Today, Rivals returns for a second series on Disney+. The first series was that rarest of phenomena: an adaptation that didn’t hate its source material. Sure, the producers decided to cram the plot with more subtle-as-a-sledgehammer politics than appears in the actual book, but you could tell they revered Jilly Cooper and the world of Rutshire and wanted to do it justice. Cooper executively produced the first series but must have been away on some days (I can’t see her let a well-heeled huntswoman pronounce the Beaufort hunt ‘Boh-fore’ rather than ‘Boh-fuht’, particularly when a major scene in the book hinges on the pronunciation of ‘Belvoir’). It remains to be seen whether her watchful eye continued for the second series, and whether Disney+ will cash in on the ‘Rutshire cinematic universe’, creating Rupert Campbell-Black figurines (with retractable appendage), or worse still, defanging her.
By rights, Rivals shouldn’t be as popular as it is. It’s set in one of the least fashionable eras (when I borrowed my father’s lurid 1980s ski jacket, he recoiled at the idea I thought it cool), and its lead character (and sex symbol) is a minister in Thatcher’s government. Yet somehow, we’ve managed to reach the requisite distance for it all to seem glamorous and prelapsarian. Money and sex are aspirational rather than evil, a Buck’s Fizz antidote to our soulless calorie-counting world where every interaction is fraught with fear of repercussions. No one gets cancelled in Rutshire, or pilloried using a slew of terms created by TikTok psychologists (Rupert Campbell-Black would be a breadcrumbing, avoidant, walking red flag). They just earn the reputation of being a ‘total shit’. In Rivals you can grope someone and then fall hopelessly in love with them, and the two aren’t necessarily incompatible.
As with every period series, knowing nods to the era are made every few seconds. By knowing nods, I mean grabbing you by the ears and yelling ‘can you tell it’s the 1980s?’ At one party they dance to ‘The Birdie Song’ and ‘Karma Chameleon’ is sung acapella, while a chat show intro sees Rod and Emu to the sound of Chas and Dave singing ‘Rabbit’. Equally, I do wish writers would cut down on the incessant Jimmy Savile references: it all feels so tired and overplayed, the TV equivalent of having Hamlet smoking a joint with Rosencrantz and Guildenstern. Yet there are many moments where you go ‘hang on, why can’t we have that?’ It remains particularly scandalous that Concorde hasn’t been brought back, let alone air hostesses carrying large goblets of prawn cocktail.

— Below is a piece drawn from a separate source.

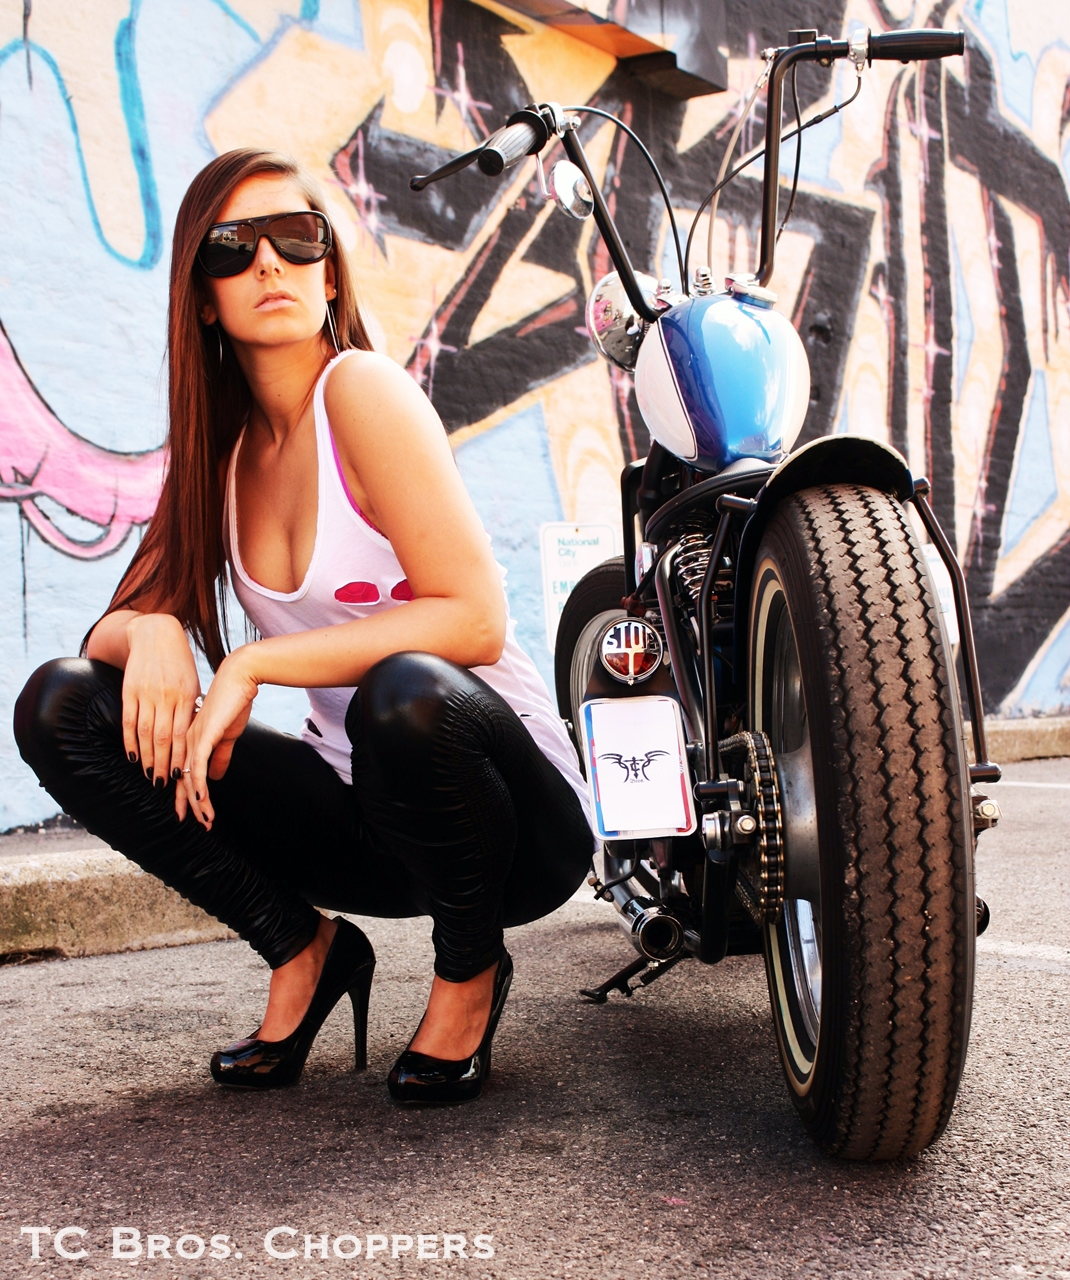 A woman posing in front of a motorcycle with TC Bros. 7/8" Ape Hanger Handlebars - 12" Black Powdercoated made of American steel tubing.

Much of the allure of Rivals is how much rougher-edged the world is. You can be fat and hairy and still be attractive or call something ‘retarded’ and chain-smoke among children and not be a bad person. I’m reminded of an advert for the divorce app Amicable, which mocks the idea of ‘staying together for the kids’. Yet sometimes muddling through things imperfectly is the best option: the chronically over-examined and over-prescribed life is not worth living. There are parts of the world that never forgot this: the hunting world in particular. As Jilly Cooper knew best, hunting people ‘kick on’.
As Jilly Cooper knew best, hunting people ‘kick on’
Last week I went to Oslo Court Restaurant, the north London institution where you still begin with crudités and melba toast, and which remains one of the few places in the UK where food is sufficiently salted. When your main comes, a cadre of waiters circles your table, each holding a silver dish and ladling on creamed spinach and cauliflower gratin like a grandmother concerned you’re not eating enough. If you don’t resemble Monty Python’s Mr Creosote when you leave, you’ve failed. As a guest on Desert Island Discs, Clarissa Dickson-Wright states she’d ‘rather eat a cream cake than take Prozac’, and that she’s ‘quite certain that the increase in antidepressants is directly relatable to the decrease in eating [animal] fat’. I think Clarissa had a point.
What Rivals and Oslo Court Restaurant both do is bare essential truths we tend to forget: the more butter, salt and sugar you have in a meal the better it tastes; the more money, power and charm you have, the more people want to have sex with you. Importantly, you can be a total shit as long as you’re commensurately good-looking, even if we like to pretend otherwise.